Microsoft Corp chief executive officer Steve Ballmer plans to extend a management shake-up aimed at adding senior product executives with an engineering background, two people with knowledge of the decision said.
Changes may be announced this month, said one of the people, who declined to be named because the plans are private.
Last month, Ballmer pushed out server division president and 23-year company veteran Bob Muglia, saying the company needed new leadership that could focus on areas such as cloud software.

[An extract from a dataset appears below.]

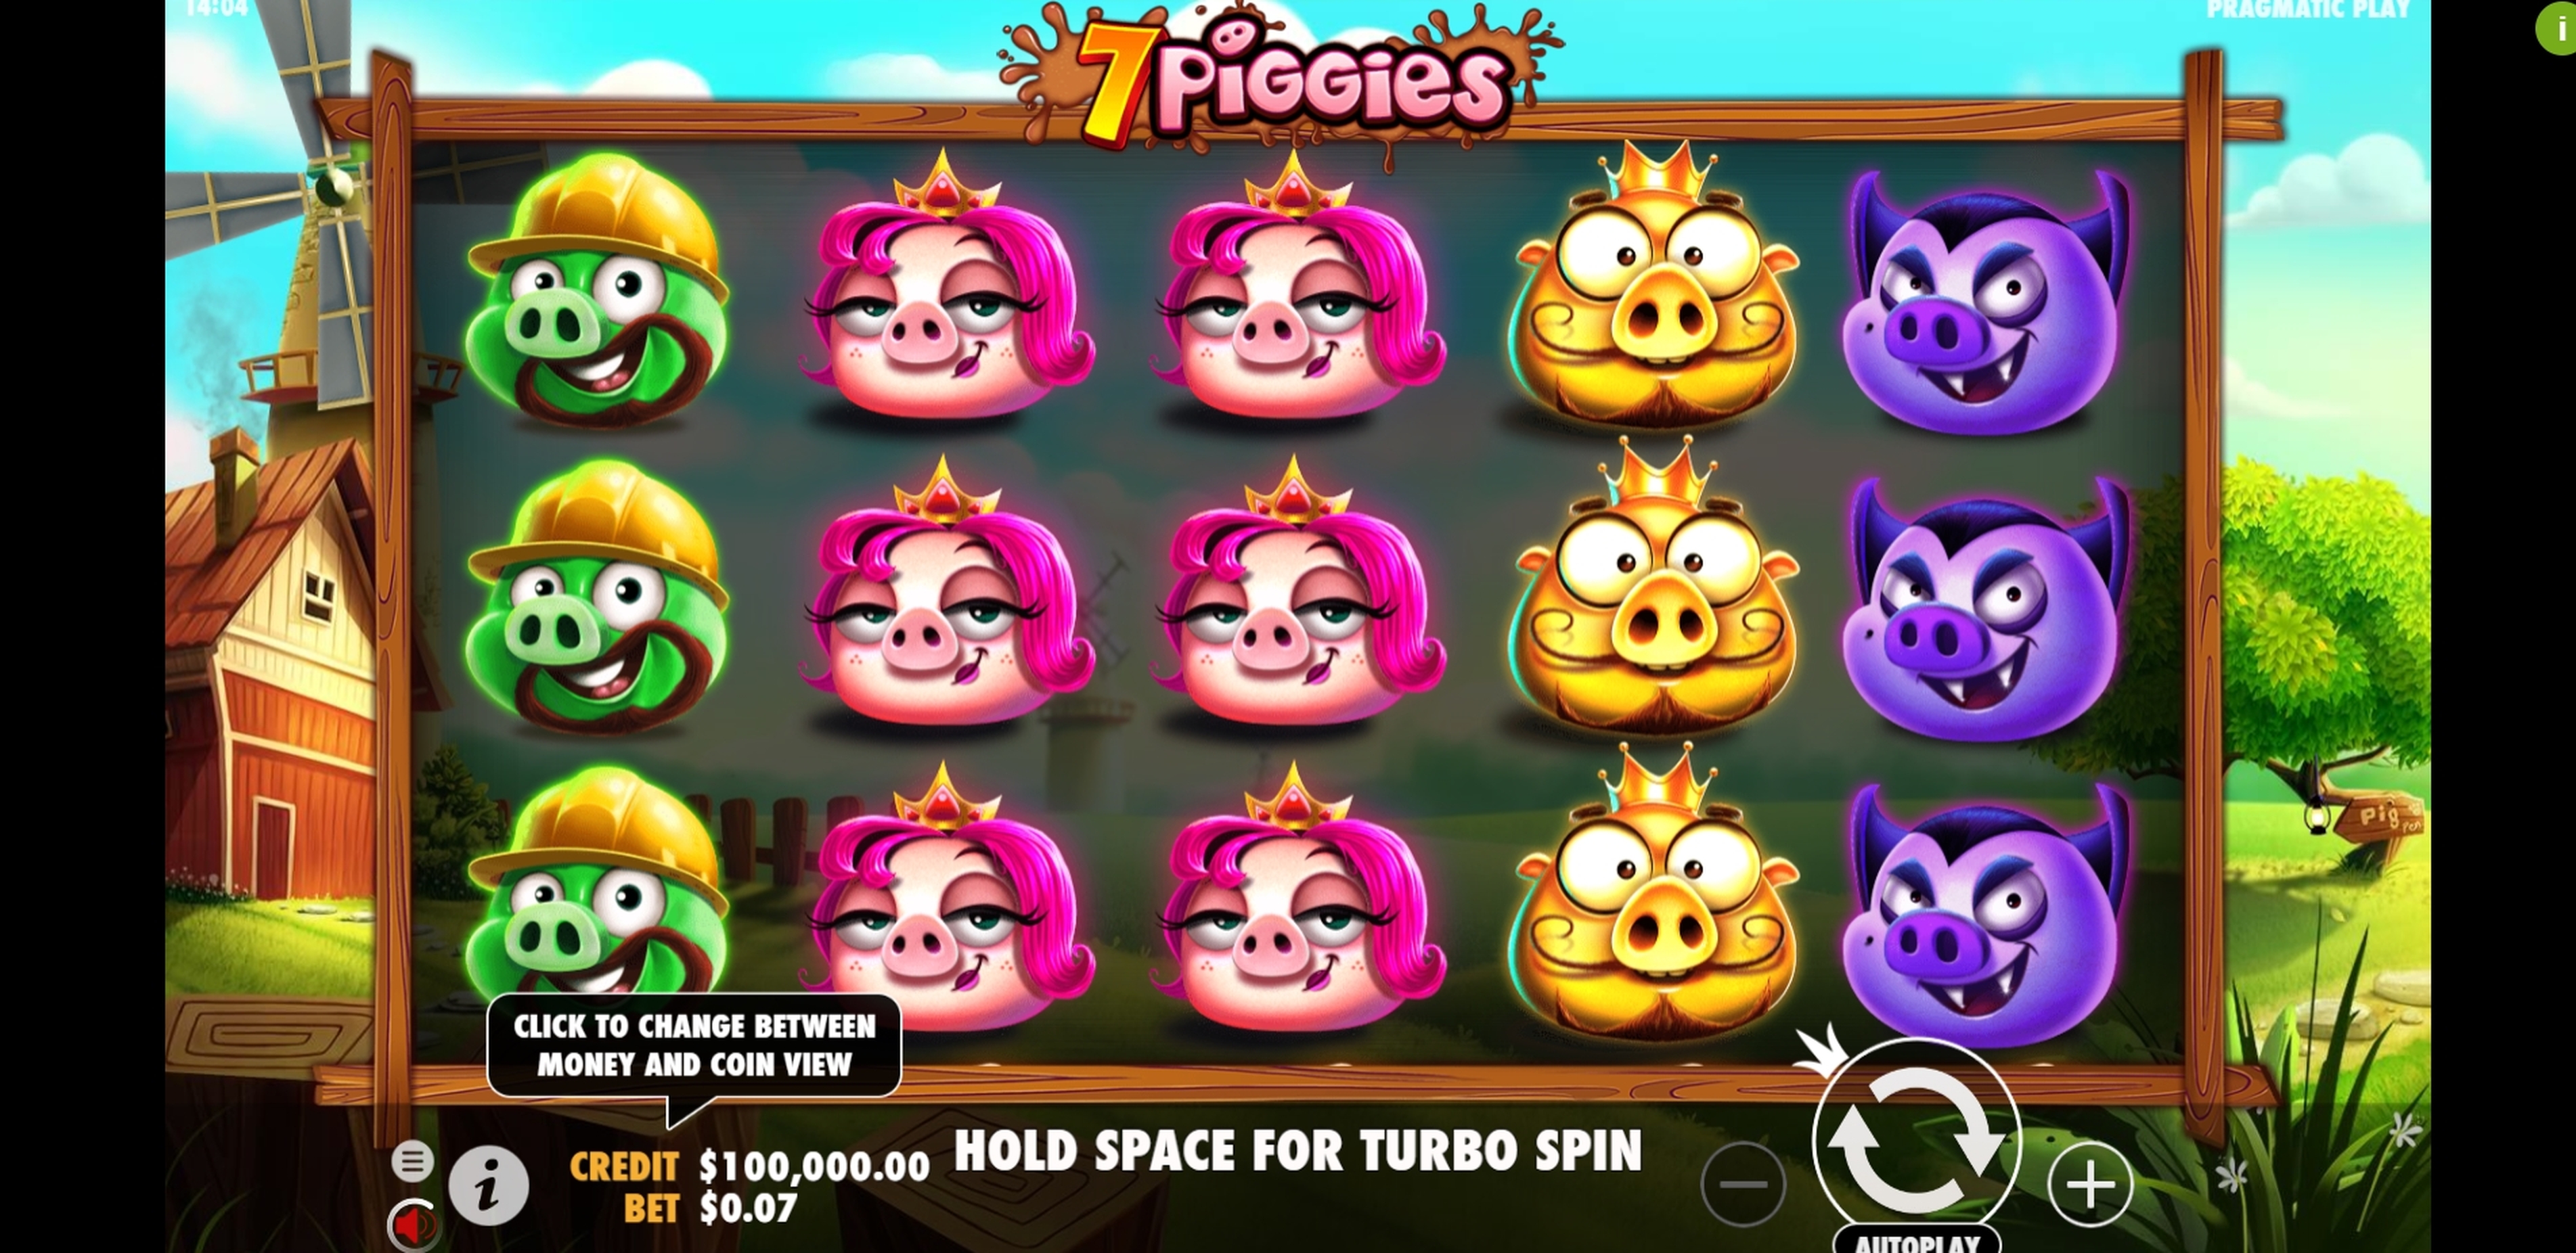 Reels in 7 Piggies Slot Game by Pragmatic Play

The move would expand on an effort to promote managers who have engineering skills and experience executing product plans — a bid to help Microsoft catch up with rivals such as Apple Inc and Google Inc in Web services, smartphones and tablet computers. The overhaul also may quell criticism from the board and investors that Microsoft is falling behind in some markets. Four top executives have left the company since May.
EXECUTING VISION
“You see the engineering team ascending because Steve is realizing that there is a need to execute on a vision and in order to do that you have to actually understand how software is built,” said Wes Miller, an analyst at the Kirkland, Washington-based research firm Directions on Microsoft.
Frank Shaw, a spokesman for Redmond, Washington-based Microsoft, declined to comment.
The CEO wants to rectify Microsoft’s misfires in mobile phones and tablet computers, as well as ensure that the company doesn’t fall behind in cloud software. Cloud technology lets customers store their applications and information in remote data centers and access them over the Internet.
Muglia’s replacement will most likely be an executive who knows how to combine server software with Web-based services, one of the people said. Shuffling the management team also would let Ballmer re-exert his influence amid mounting criticism from investors, the people said. Microsoft’s stock price is little changed over the past year, compared with an 80 percent gain at Apple and 16 percent at Google.
TABLET THREAT
Investors are concerned that the company is falling too far behind in tablet computers and mobile phones, Tony Ursillo, an analyst at Loomis Sayles & Co in Boston, said last month. Those devices could replace some personal-computer purchases, hurting revenue from Microsoft’s Windows operating system, he said.
Ballmer received 100 percent of his target bonus for the past fiscal year, instead of a maximum of 200 percent, because of the failure of a mobile phone called the Kin, the loss of market share in smartphone software and the need for more innovation in that area, the board said in the filing.